The organisers had brought in two brand new Final Cut Pro systems to edit the highlights programme. The Panasonic engineer who worked with us could not get the FCP systems to edit straight off the HD footage on the cards. This meant that all the footage had to be ingested to the FCP hard drives and converted to FCP codecs. This took much longer than real time. Add to this that the systems were not networked, so they could not access the footage freely. The FCP system hard drives weren’t big enough to keep each day’s footage for the whole event, so the local hard drives were purged for footage on a daily basis.

All the daily ENG footage had to be sent to the IBC in Beijing for archiving each night, but with four racecourses and maybe 30 races, the producer quickly found out that it was a very slow process. They did not even have a fibre or satellite link to Beijing but had to FTP the P2 full-resolution HD clips!

The result of all of this was that the ENG shooters were instructed to shoot nine clips (yes! Nine clips) per race only. Start, mark roundings for the first couple of boats, finish, that’s it. No chance to tell the story of the race.

Today, those tapes from previous events are kept on shelves somewhere by the IOC, who own the footage. This means that if I want to buy a shot of Barbara Kendall going it alone on the left side of the course in race 3 of the round robins in the Sydney 2000 Games, the IOC can go get the tape, check if the shot is there, wind forward to the time code on the logging sheet, dub it off, and send it to me.
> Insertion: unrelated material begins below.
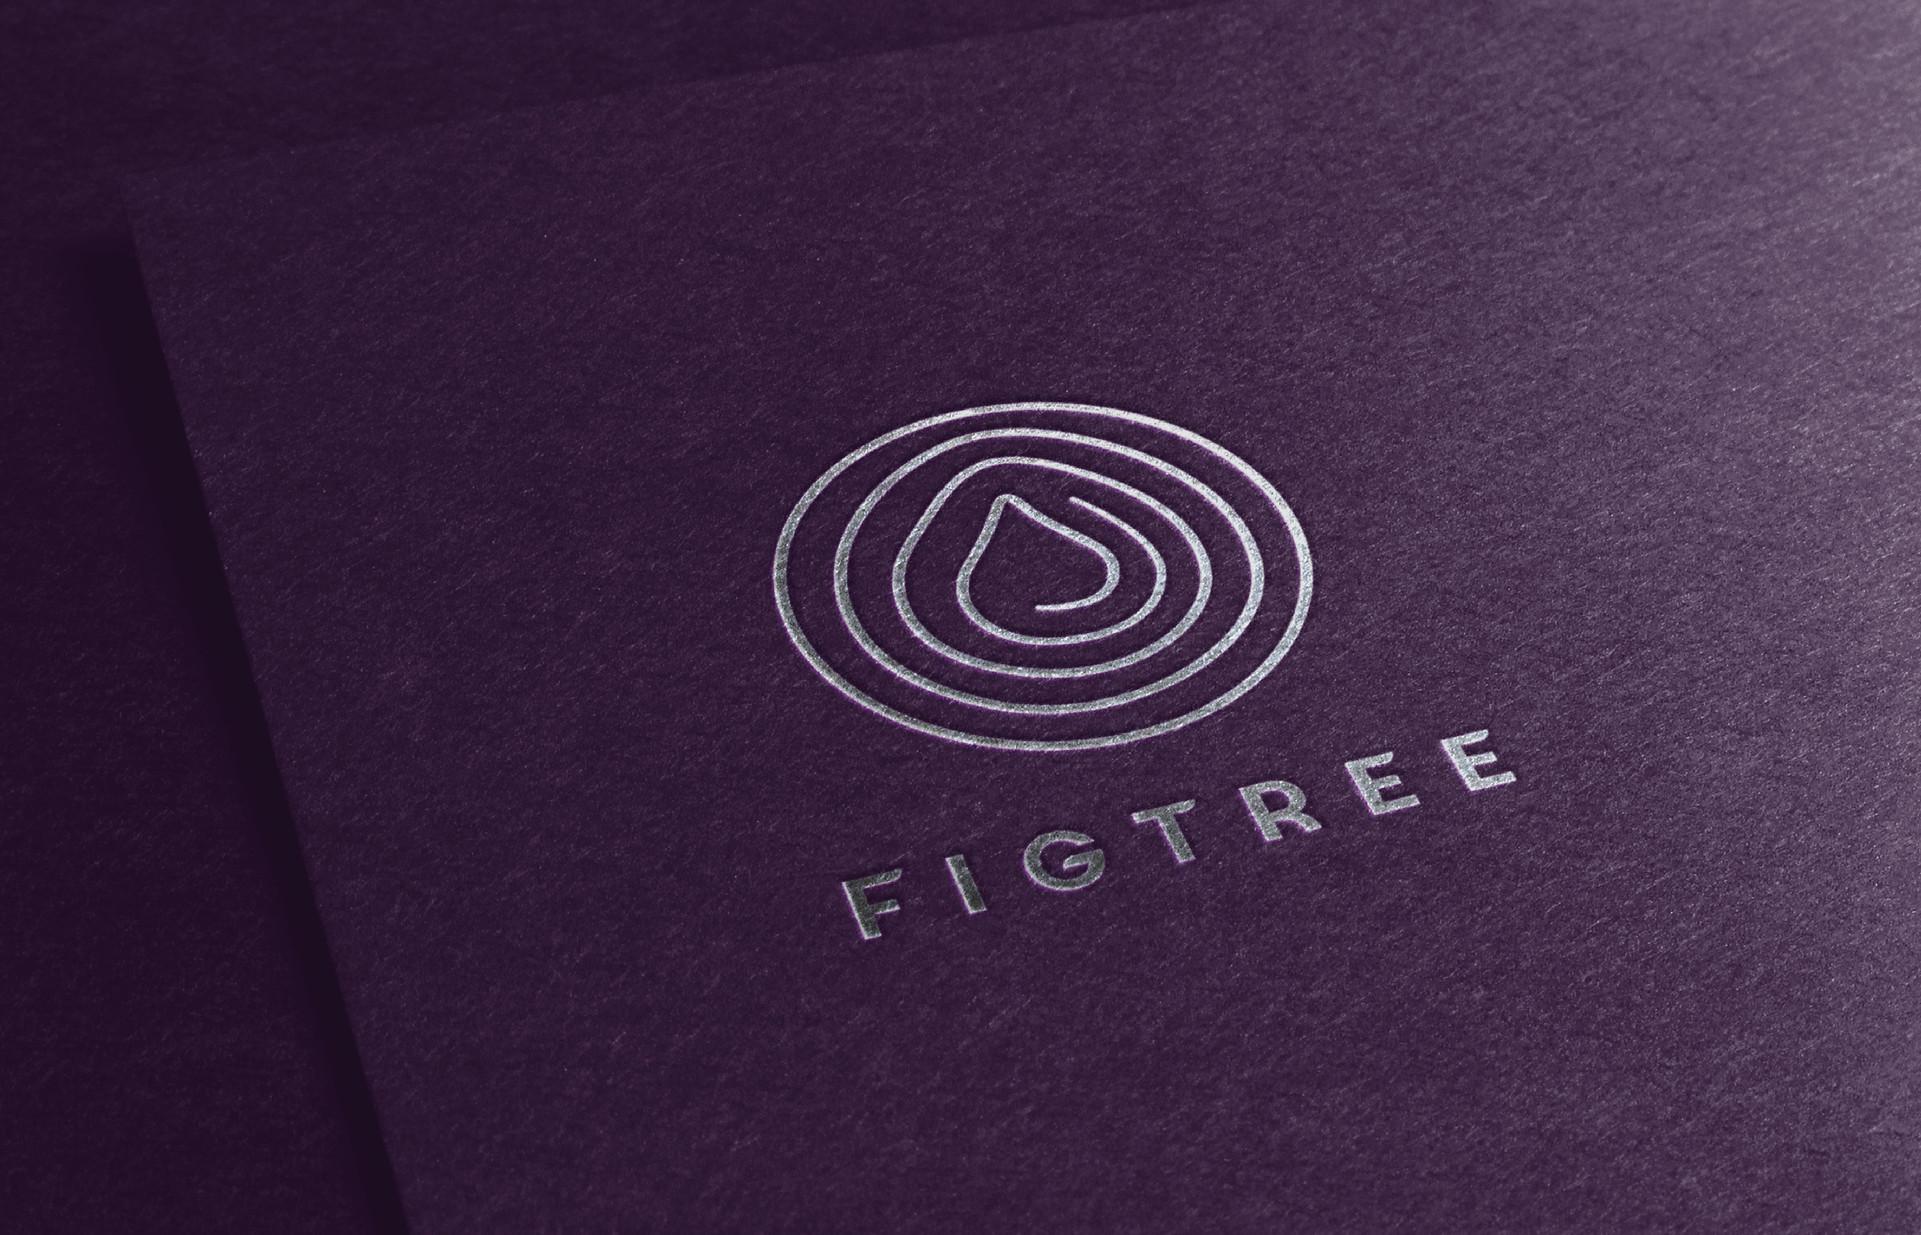 FIGTREE-04.jpg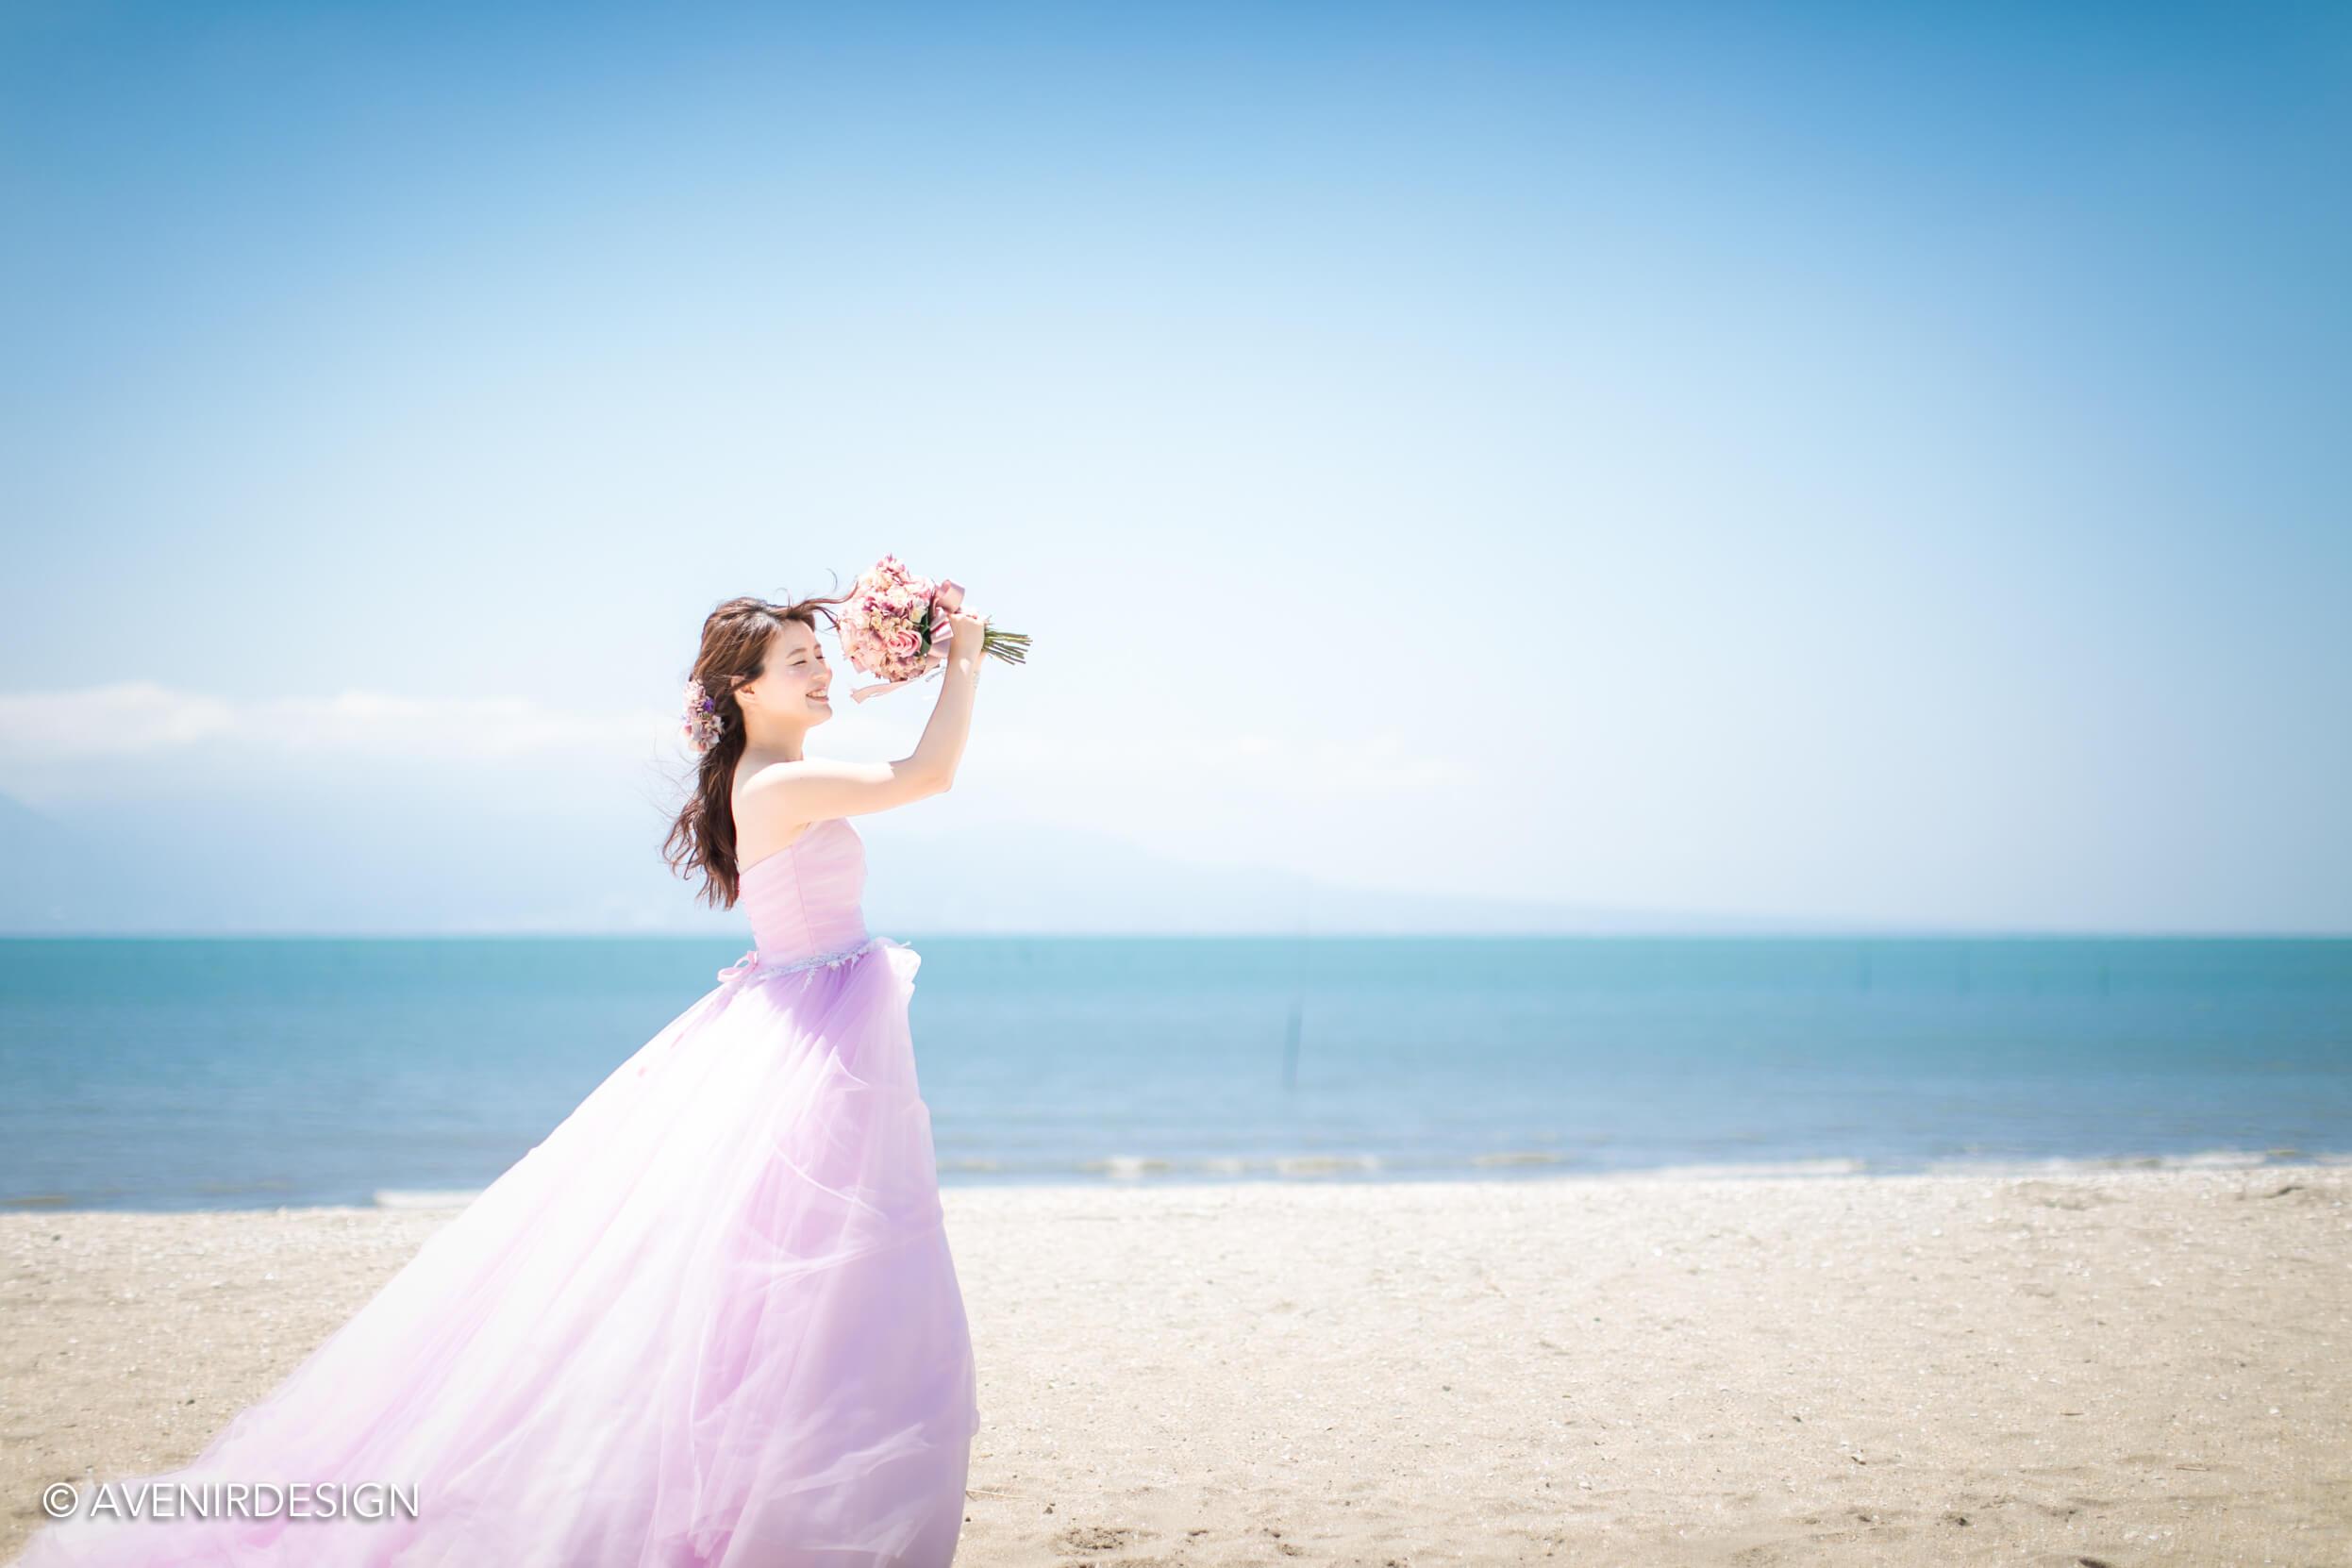 【熊本の結婚式前撮り特設サイト】で人気のプランが選ばれてます*

Not anymore. Because of the poor planning around the P2 format, the shooters were only allowed their nine shots. Everything else was either not shot or has been deleted – forever.

This is the scandalous and horrible consequence of not being set up to use the technology that the Olympic sponsor, Panasonic, forced upon the event. It is like creating a ‘digital hole’: The footage has either disappeared or was never shot, and purely because the logistics needed to deal with the P2 concept were not in place.

It is the main weakness of the hard memory concept in a nutshell: Beautiful cameras, plenty of P2 cards, but without the infrastructure to deal with it, it’s useless. I really did like that cardboard box of old...

There is an old saying that every director and cameraman would have used once or twice:

“We did not shoot it, so it never happened!”

Unfortunately, for the ENG side of the Olympic sailing, the competition actually did happen – but we weren’t allowed to shoot it.

Qingdao has certainly been a challenging venue. But we only met genuinely friendly and helpful people, and we had a great crew. If we get to do it again in 2012, we can hopefully iron out those problem areas we had.